Alice and Oliver argue and lie to one another and and generally make their own lives miserable as well as the lives of those around them. On the other hand, they have excuses for their behavior. Alice feels rejected by her mother and abandoned by her father; Oliver has his own childhood sob story. And both of them are quite unkind to each other in the beginning of the story. If you can get past all that and enjoy the imaginative language and the nonsensical world of the story, maybe Furthermore will be just right for you. I liked Alice in Wonderland much better, thank you.

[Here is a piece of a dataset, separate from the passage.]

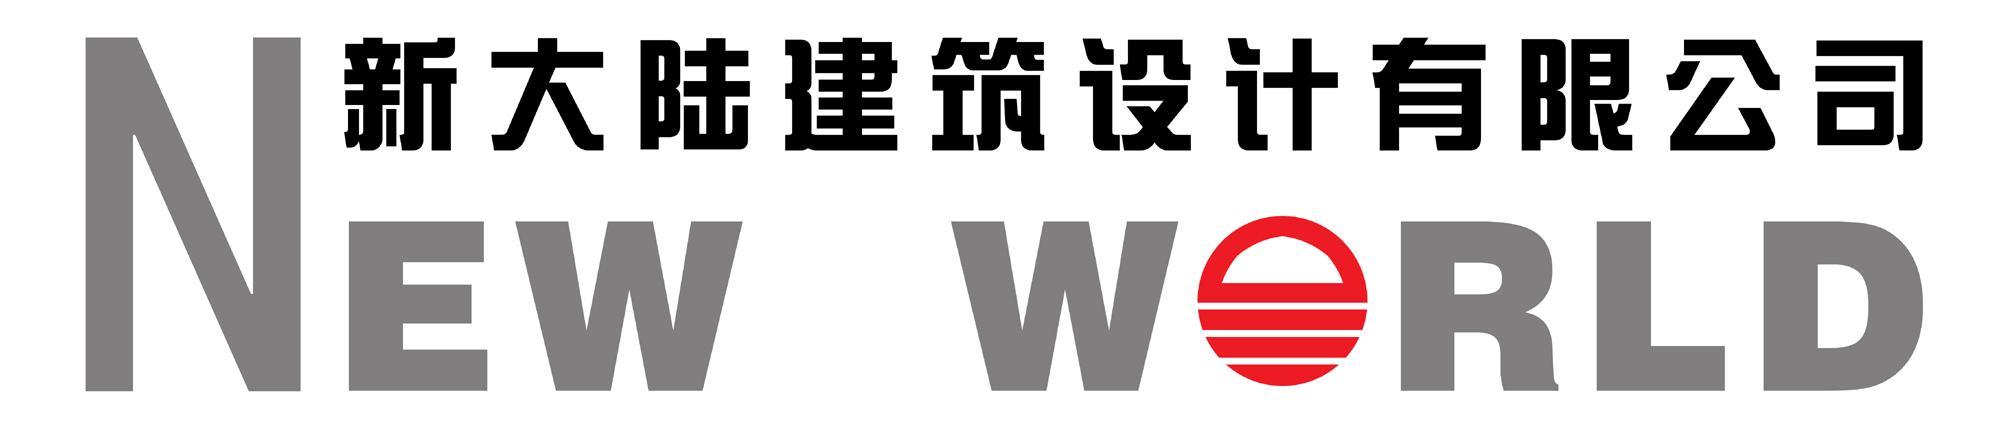 沈阳新大陆建筑设计有限公司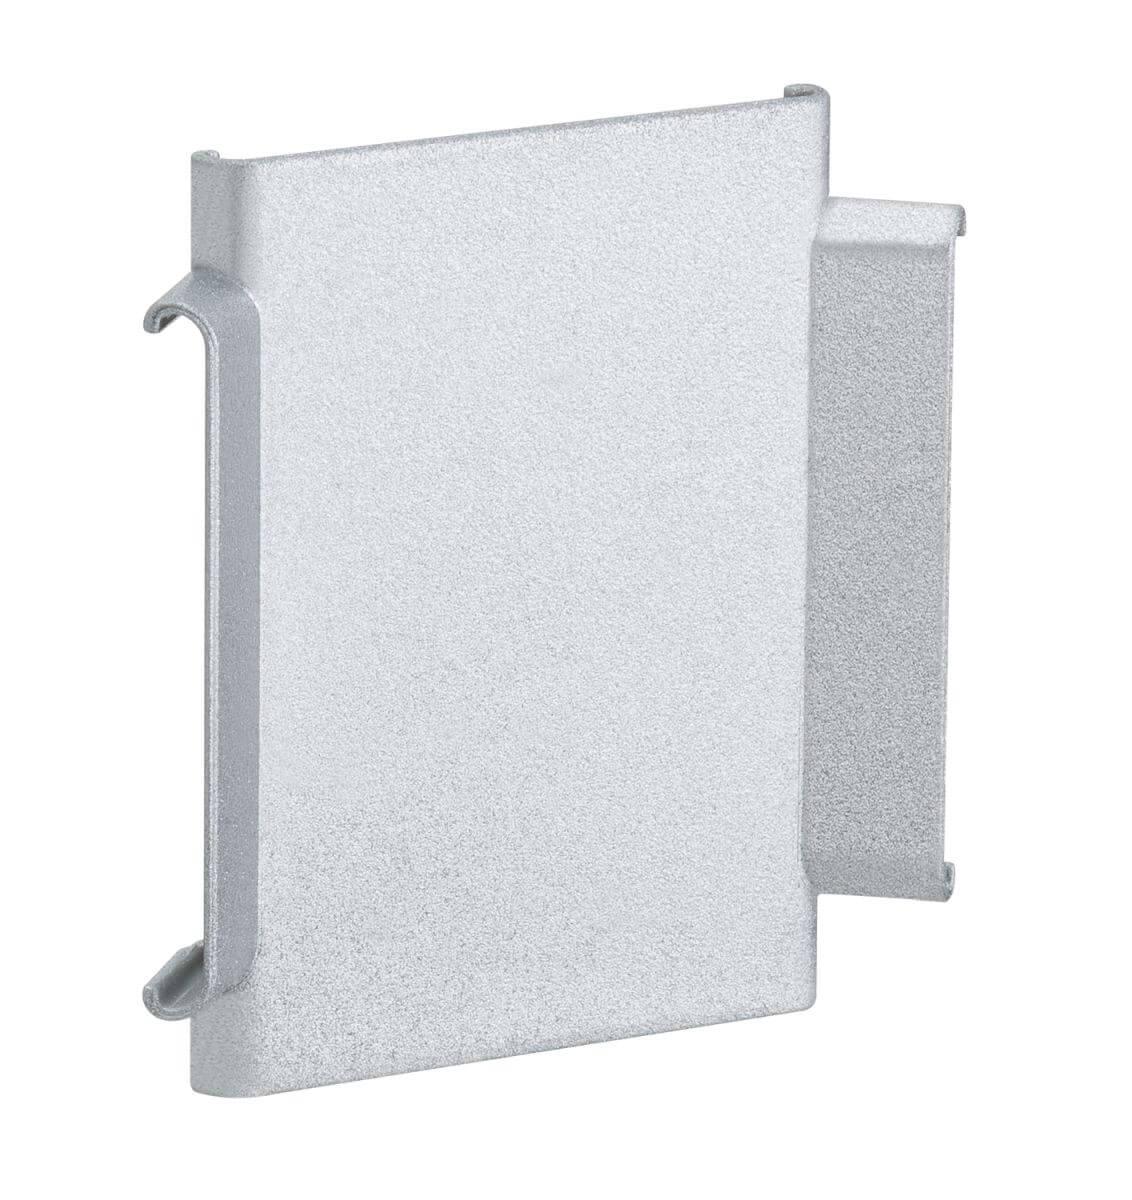 PaulmannDuo Profil X-Cover, 2er Pack, Grau, Kunststoff

Behind the Canvas by Alexander Vance

Seventh grader Claudia Miravista loves art, especially painting. None of her schoolmates share her interest, though, and when Claudia sees a blue-eyed boy inside a Dutch Renaissance painting at the local art museum and begins talking to him, her classmates think she’s crazy. But when Pim—that’s the boy’s name—talks back and asks Claudia to rescue him from captivity to an evil witch in the world behind the canvas, Claudia thinks her classmates may be right. Maybe she is crazy to even consider entering a dangerous world of canvas and paint and witches and cubists and magic.

The book definitely could have used several full color reproductions of the famous paintings that are mentioned, but I understand that would be costly. Instead, the author uses made-up explanatory footnotes from “Doctor Buckland’s Art History for the Enthusiast and the Ignorant” to give the reader information about artists, paintings, and schools of art that are mentioned in the story. I liked the rather whimsical footnotes, and for a glimpse of the actual paintings, there’s always Google.

The story itself doesn’t exactly move slowly; there’s lots of action. However, sometimes the journey from one artistic landscape to another to another gets a little monotonous. The grand theme of the book is about learning to see things (art in particular) from different perspectives and using one’s imagination to see through confusion to the heart of the matter. Claudia and Pim have trust issues and must learn to trust and help one another in spite of past lies and obfuscations.

Particularly recommended for art lovers who are also fantasy lovers, and for fans of Blue Balliet’s art mystery books or Elise Broach’s Masterpiece or Marianne Malone’s 68 Rooms series.

Five Children on the Western Front by Kate Saunders

Edith Nesbit’s classic story of siblings and magic, The Five Children and It, was first published in 1905. In Five Children on the Western Front, British children’s author Kate Suanders gives us the Bastable children about nine years older and wiser and the Psammead (pronounced Sammy-ad) as irascible as ever, but not quite so magical. Maybe that’s because the world itself was more magical in 1905 than it became in 1914.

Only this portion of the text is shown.